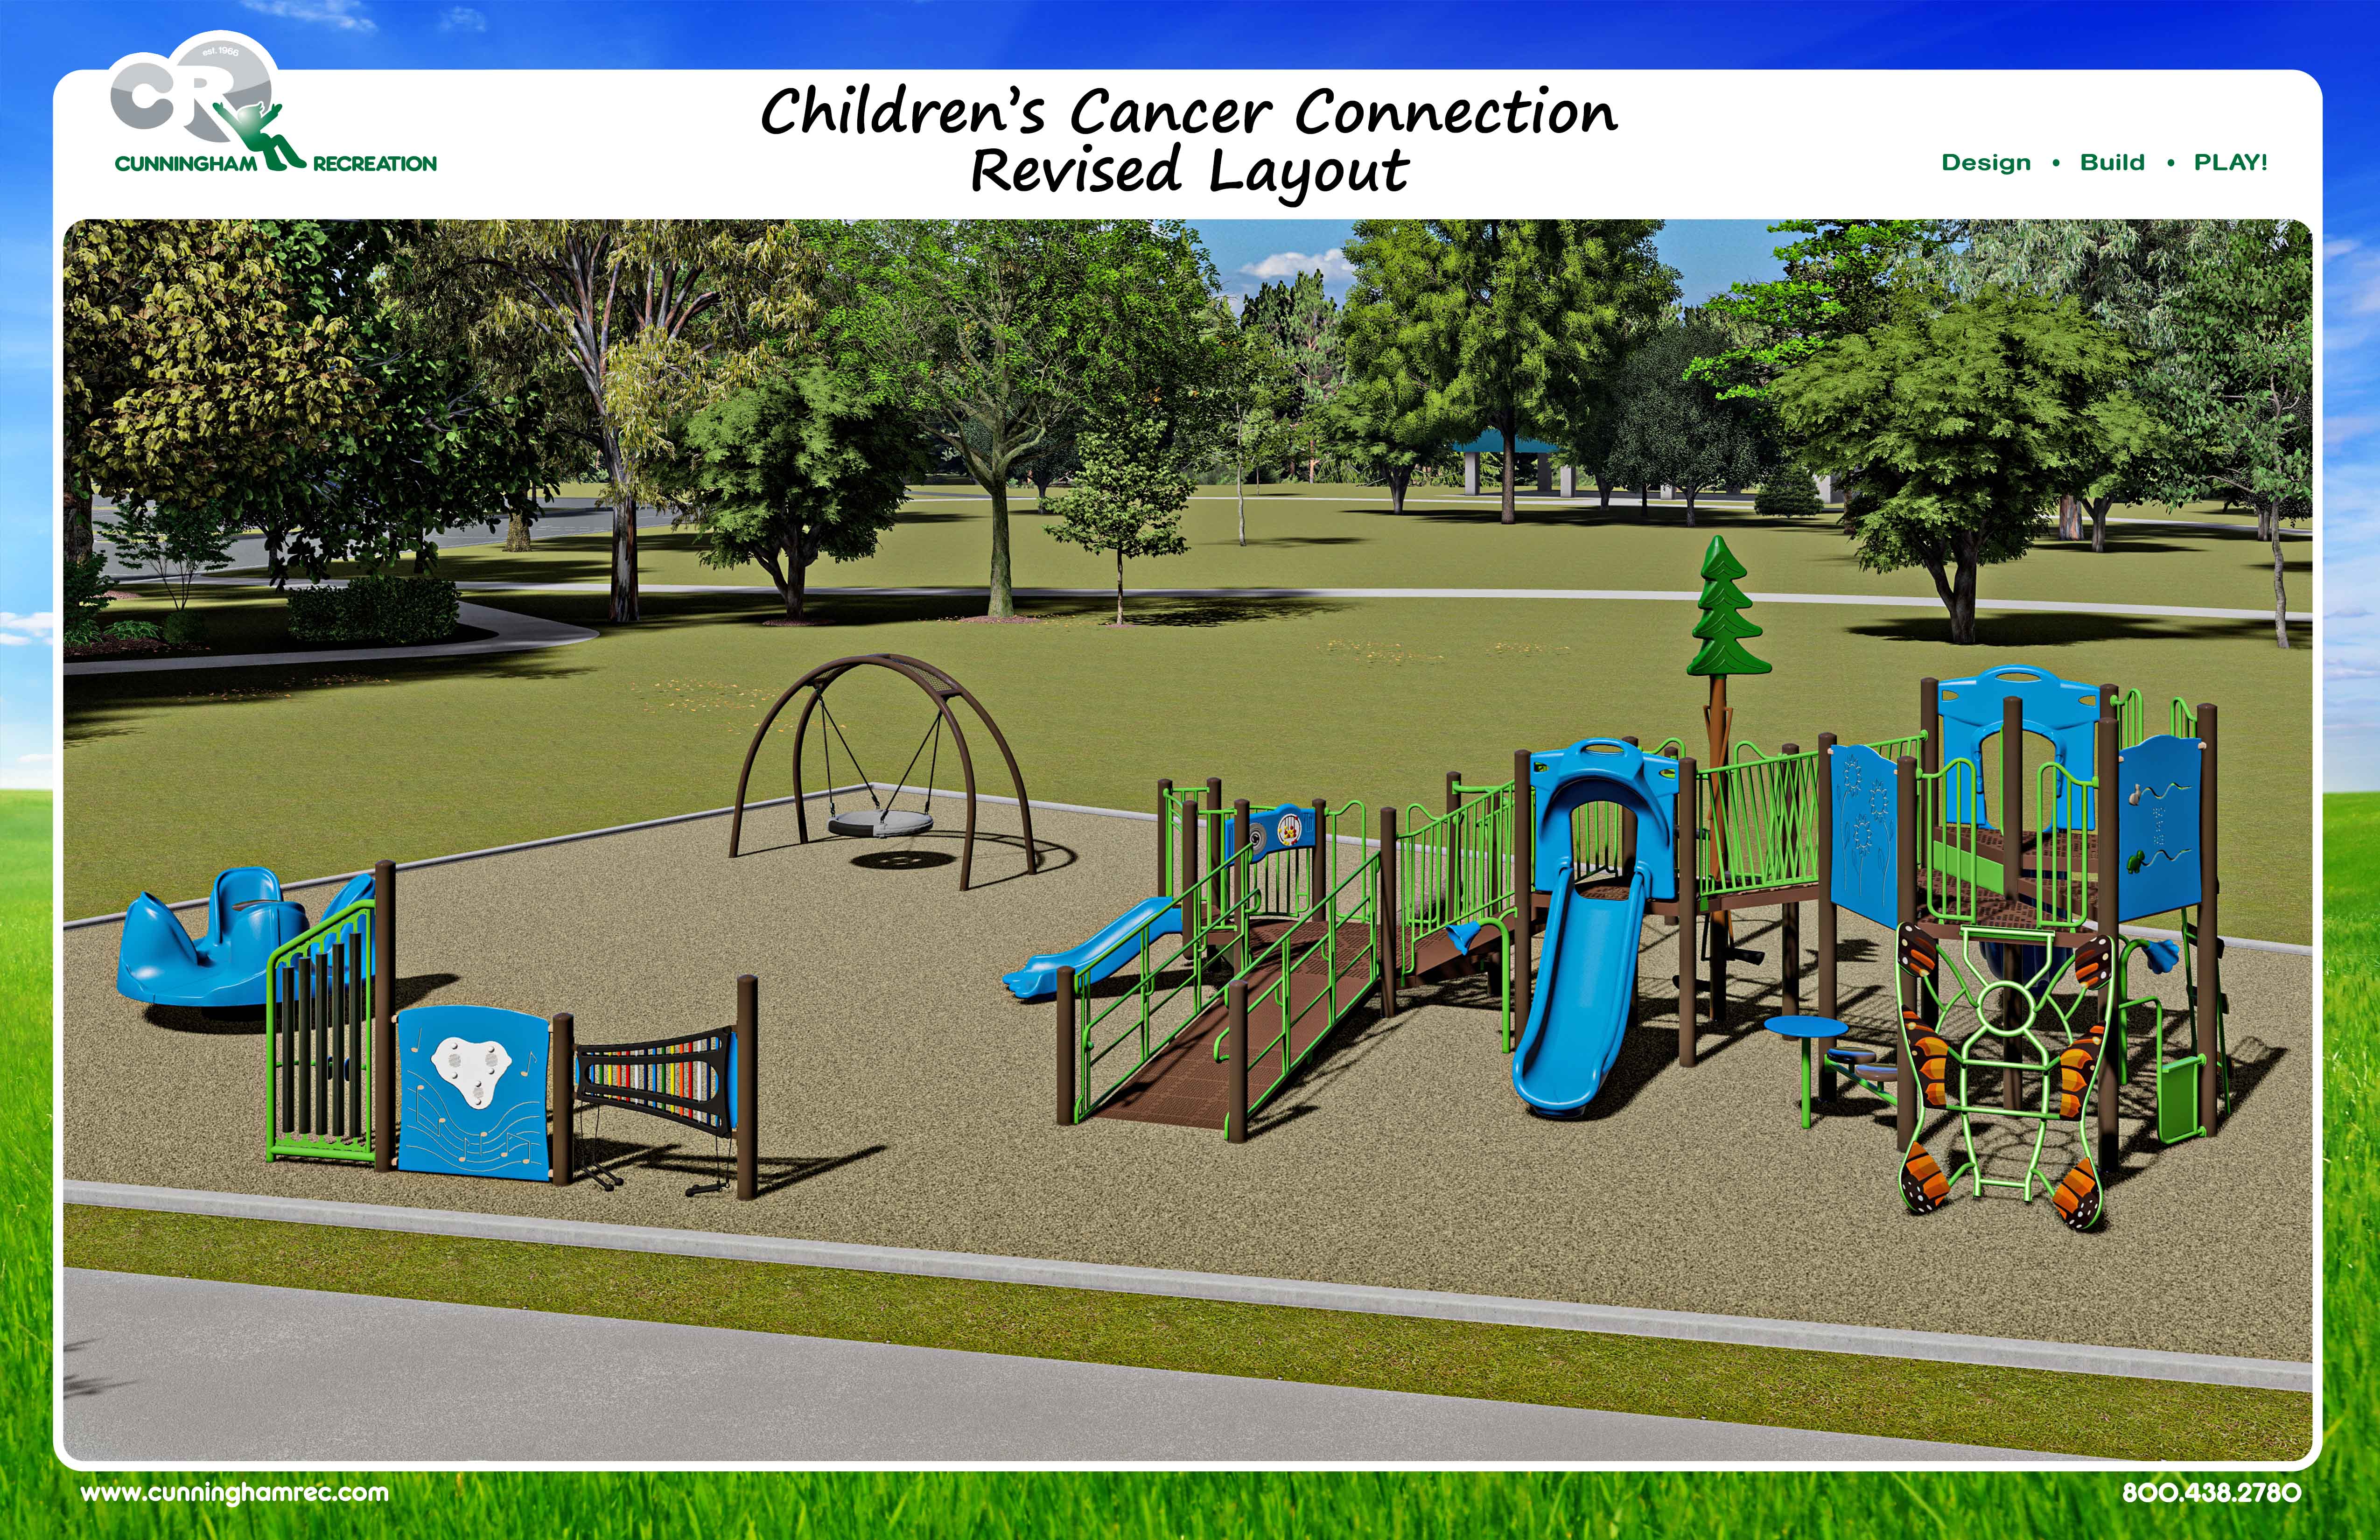 Childrens Cancer Connection Receives Inclusive Playground Grant From
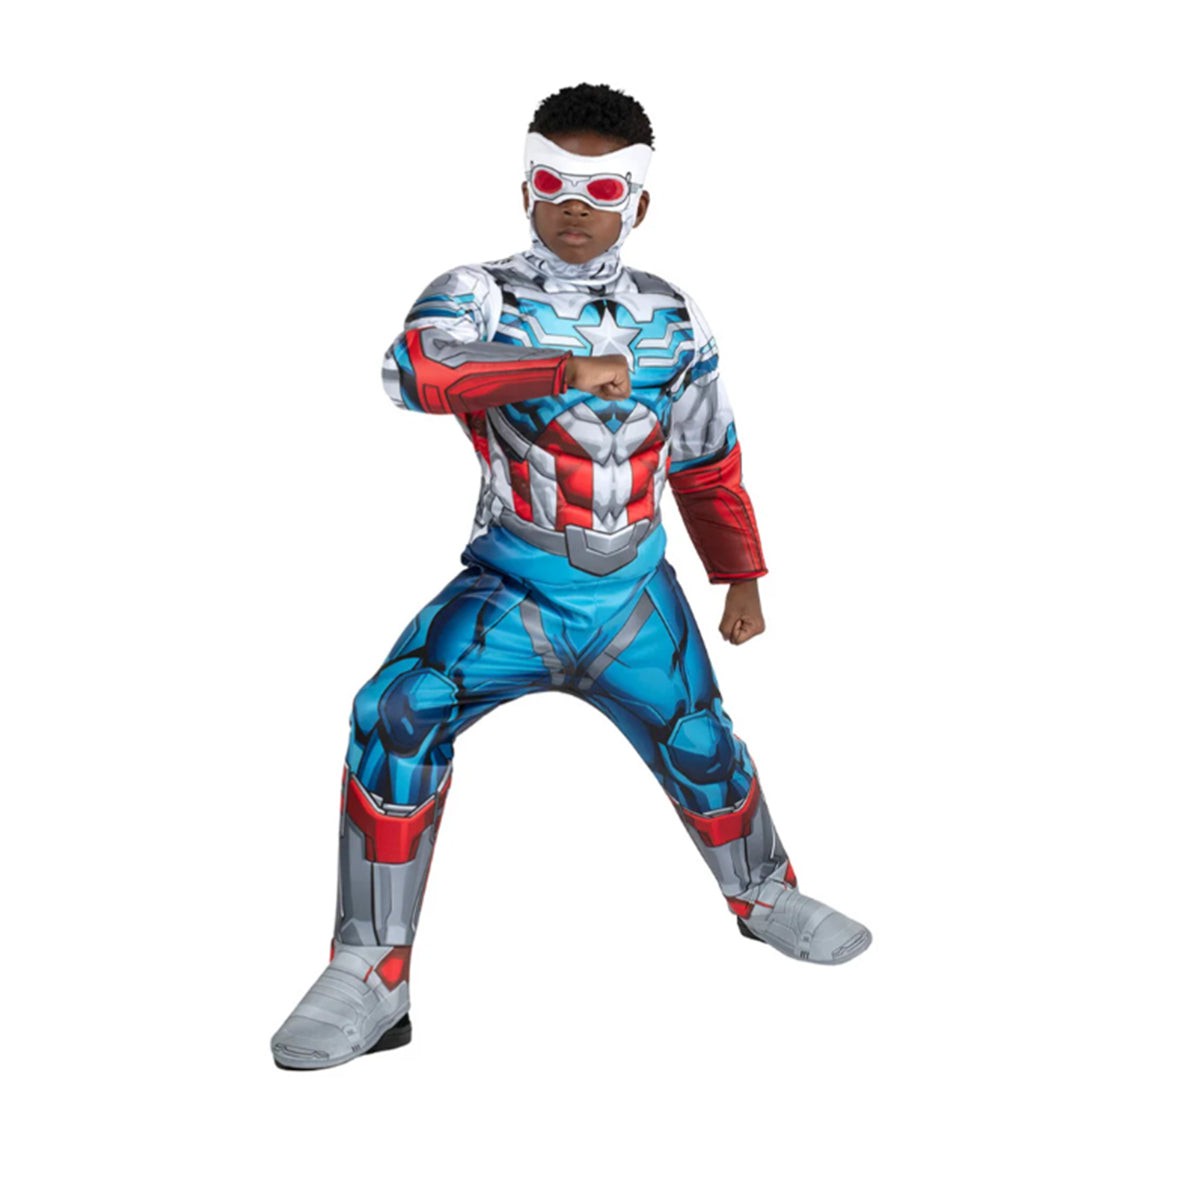 KROEGER Costumes Marvel Avengers Falcon Costume for Kids, Blue and Red Padded Jumpsuit
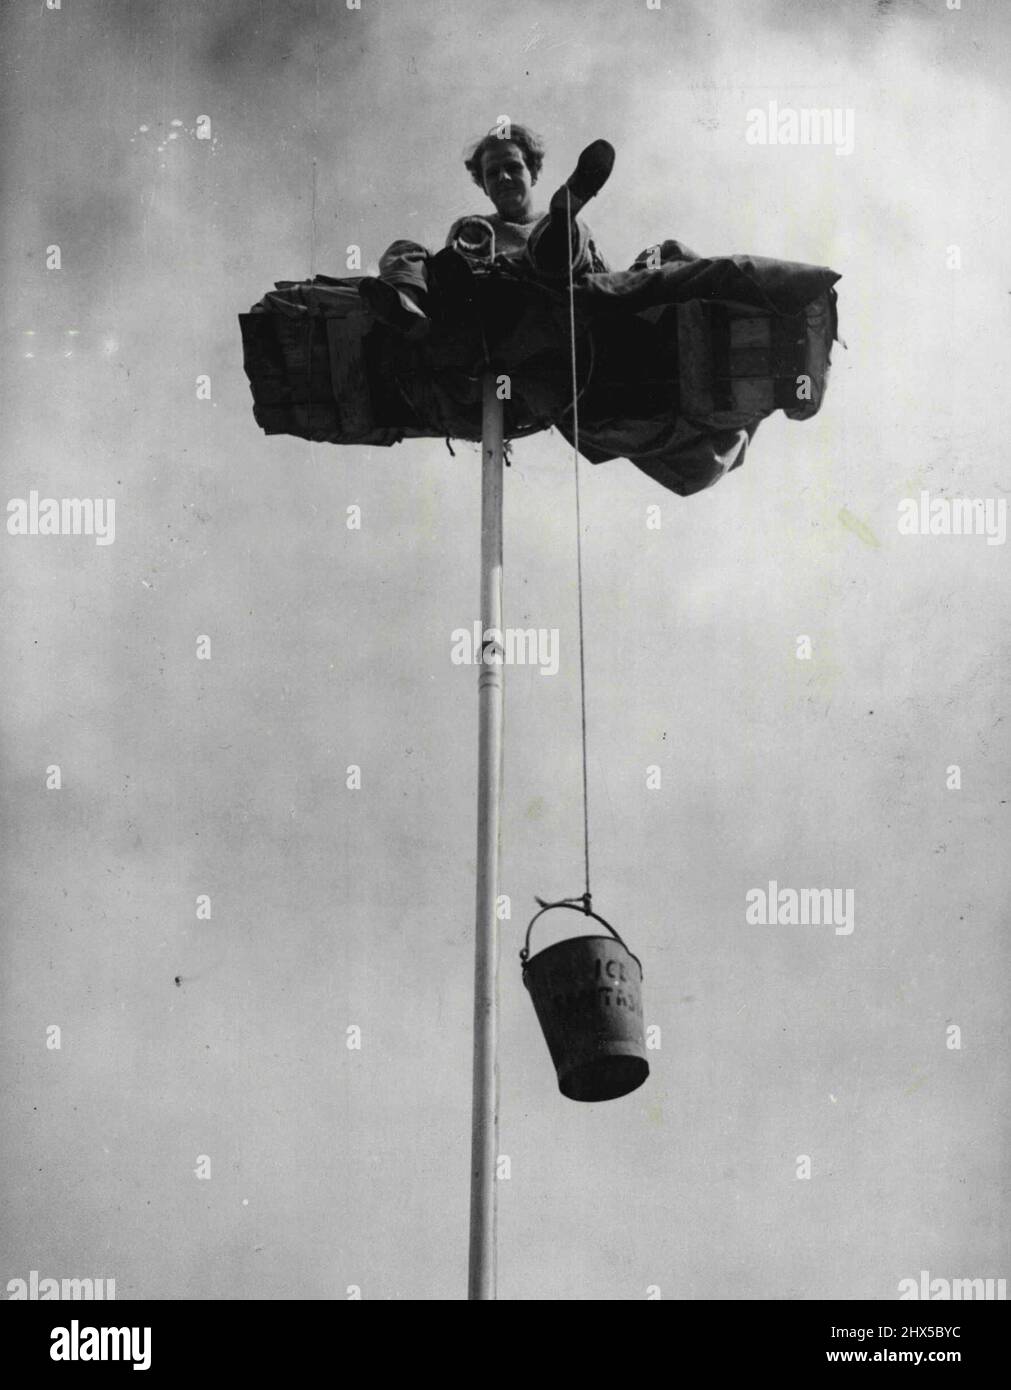 Reno Wons Be Parted from His Pole -- Because Reno (in private life 26- - year-old acrobat John Fossett) refuses to come dawn from his perch atop a 40-feet-high flag-poles his food has to be sent up by rope and bucket, as this picture taken of Britain's high-est striker at Brighton (Sussex) Zoo - today (Friday) shows. Reno shinned up the pole yesterday morning, after Mr. Vic Templer producer of the Zoo's summer ice revue refused to release him from his contract. Normally, Reno does aerial acrobatics on the pole. Now, he just sits-despite appeals, despite the weather. He says he won't come down Stock Photo

## [Task brief]
Your answer should be every line above, written out exactly, with no pictures.

## [Answer box]
 Childrens Cancer Connection Receives Inclusive Playground Grant From
 KROEGER Costumes Marvel Avengers Falcon Costume for Kids, Blue and Red Padded Jumpsuit
 Reno Wons Be Parted from His Pole -- Because Reno (in private life 26- - year-old acrobat John Fossett) refuses to come dawn from his perch atop a 40-feet-high flag-poles his food has to be sent up by rope and bucket, as this picture taken of Britain's high-est striker at Brighton (Sussex) Zoo - today (Friday) shows. Reno shinned up the pole yesterday morning, after Mr. Vic Templer producer of the Zoo's summer ice revue refused to release him from his contract. Normally, Reno does aerial acrobatics on the pole. Now, he just sits-despite appeals, despite the weather. He says he won't come down Stock Photo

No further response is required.